Eventually on the Sunday I am able to get out of bed for a while. I am still in surgical stockings, but now have a build-up of the additional fluids that I’ve been given to help kick-start the new kidney. I am normally a size 10, but my now enormous upper legs bulge over the tops of the stockings, and the skin from my waist downwards is hard and tight. Determined to start shifting the fluid, I very gingerly try taking hourly walks up and down the corridor and the flight of stairs outside the ward. The catheter is still in, so this is a delicate operation to say the least, and I keep away from the public areas of the hospital where a woman waddling around carrying a bag of urine is likely to attract unwanted stares. For all my attempts at activity though, the fluid refuses to shift until, around 2 weeks post-surgery, it begins to fall away in tiny increments.

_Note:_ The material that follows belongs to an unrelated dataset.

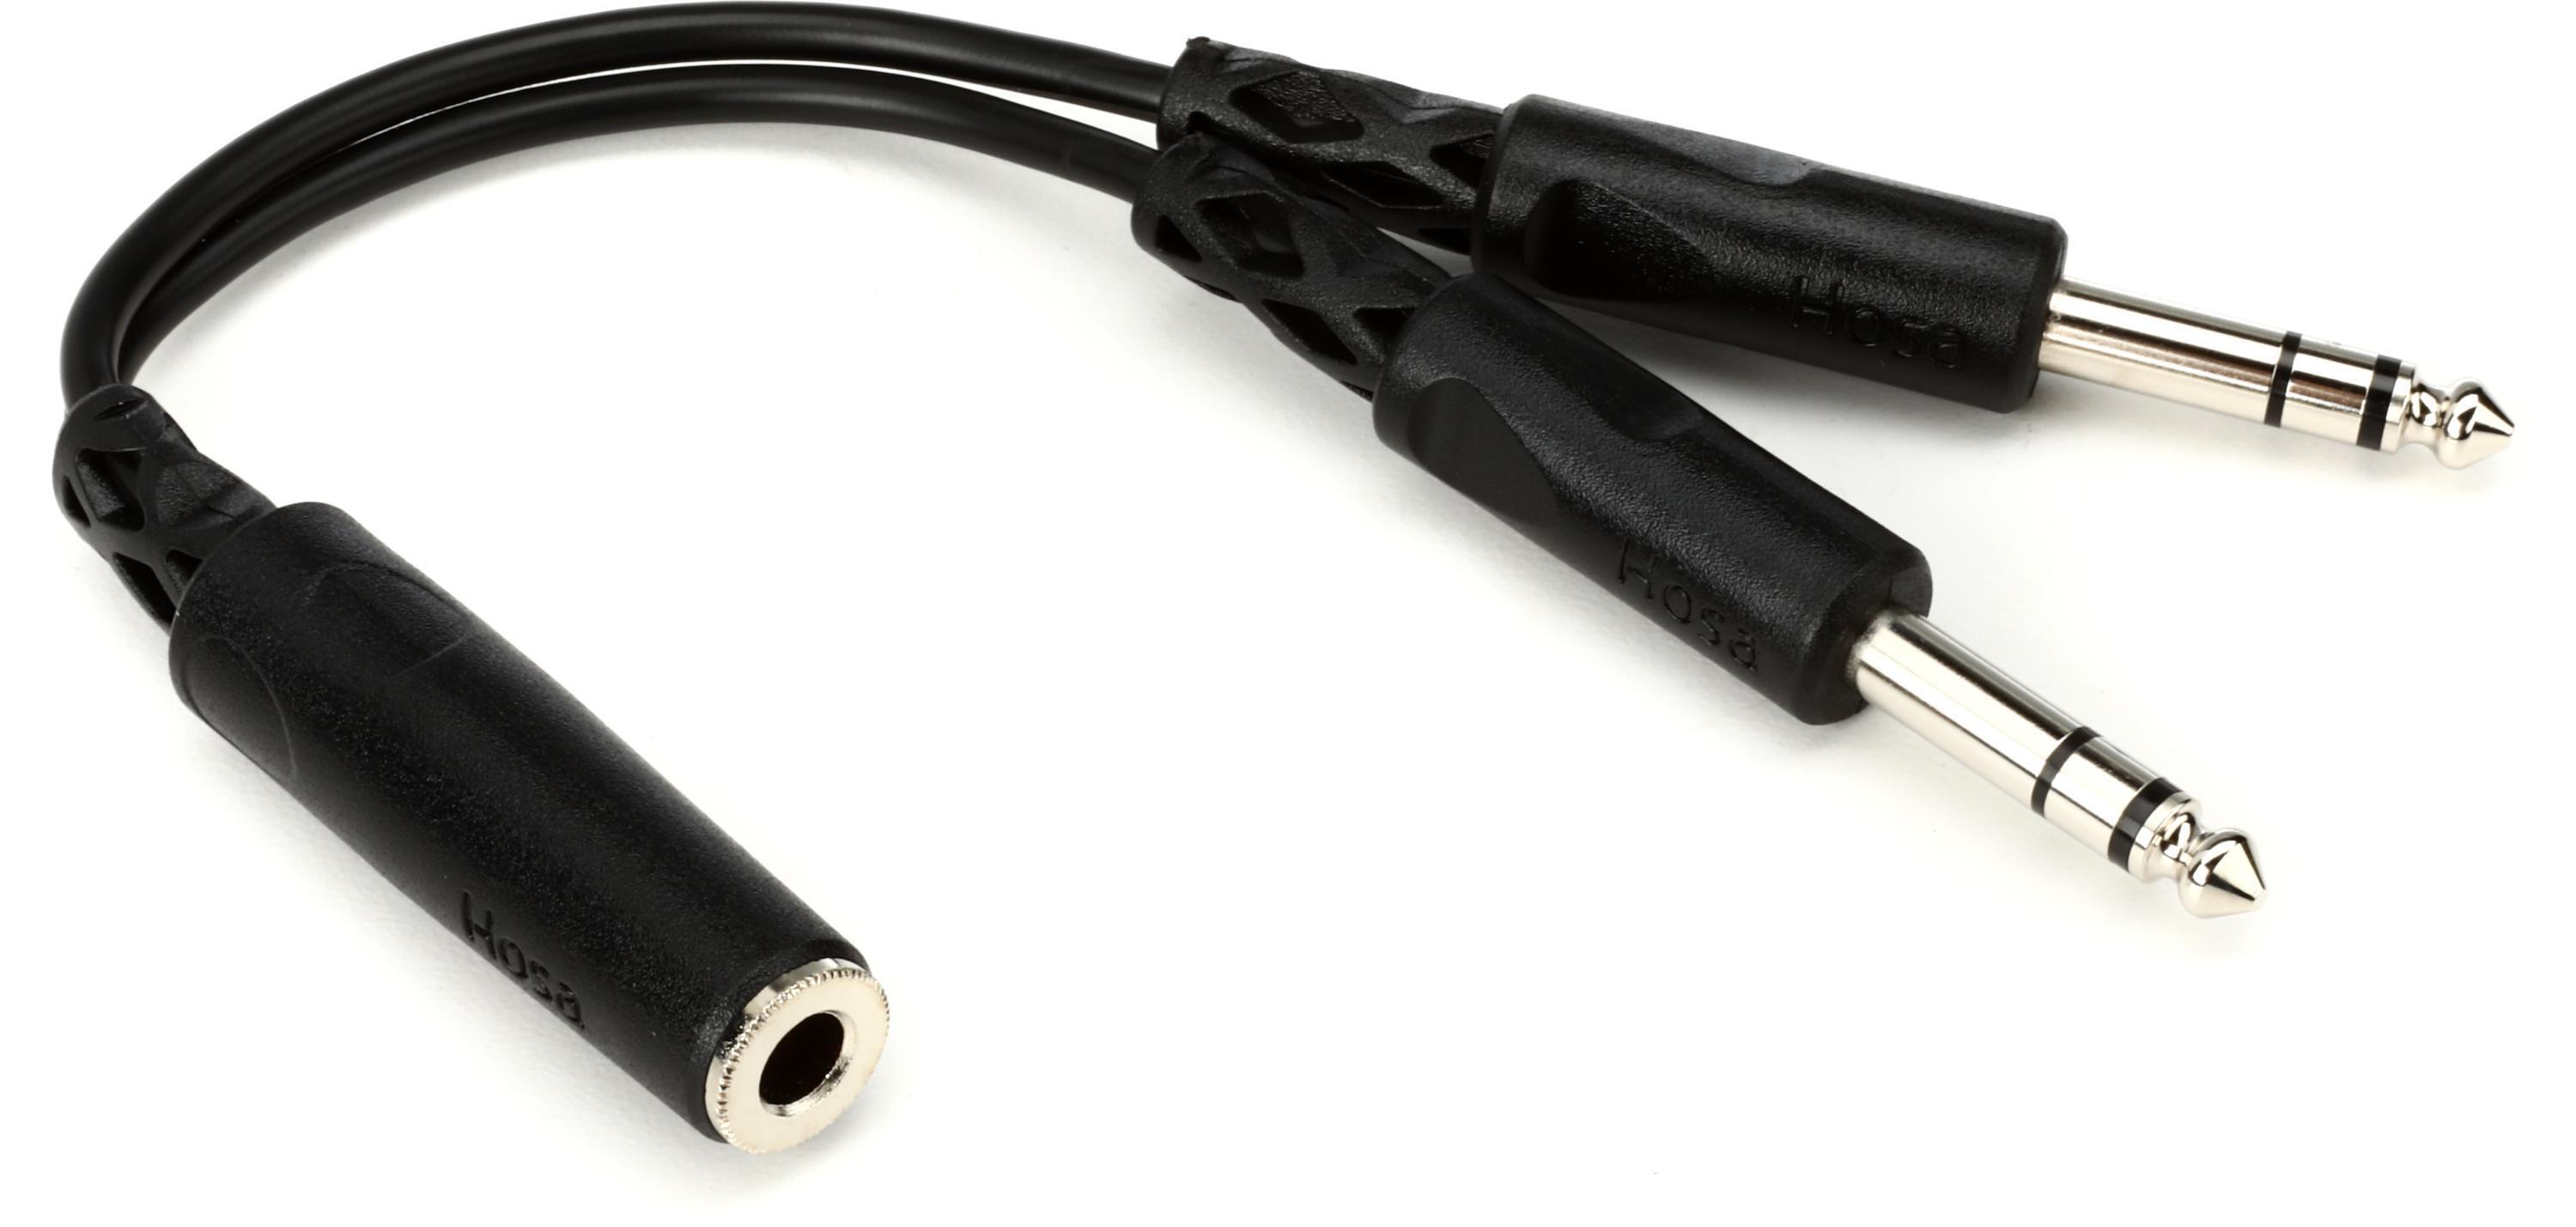 Hosa YPP-308 Y Cable - 1/4 inch TRS Female to Dual 1/4 inch TRS Male

Five days after the surgery, all still appears to be going well, and I am deemed fit enough to be discharged from hospital. Gradually all the bits and pieces of equipment that I’m attached to have been removed, with the horrible neck line and the catheter the last to go. All the medication that I was taking on dialysis has been stopped, and I am sent home with a carrier bag of new drugs, the names of which sound either like a Roman leader (Tacrolimus was surely a contemporary of Caesar Augustus) or a holiday resort in the Balkans (ski break in Aciclovir, anyone?) These drugs are my new best friends, and I neglect to take them – or simply forget – at my peril; without some of them, my body could reject the new kidney and so I will take them permanently. There is a steroid and an anti-rejection drug, anti-virals, aspirin to prevent blood clots, a blood pressure tablet and a tablet to protect my stomach, along with 2 types of painkiller – 9 items in total, although some of these will be phased out in the first few weeks. I live on my own with no family close by, so the hospital calls a taxi to take me home, and even though I have mixed feelings about going home to an empty house, I can’t wait to get back to my own space. Once home, I unpack, make a cup of tea and collapse on to the sofa with a massive sigh of relief. It is bloody marvellous to be back.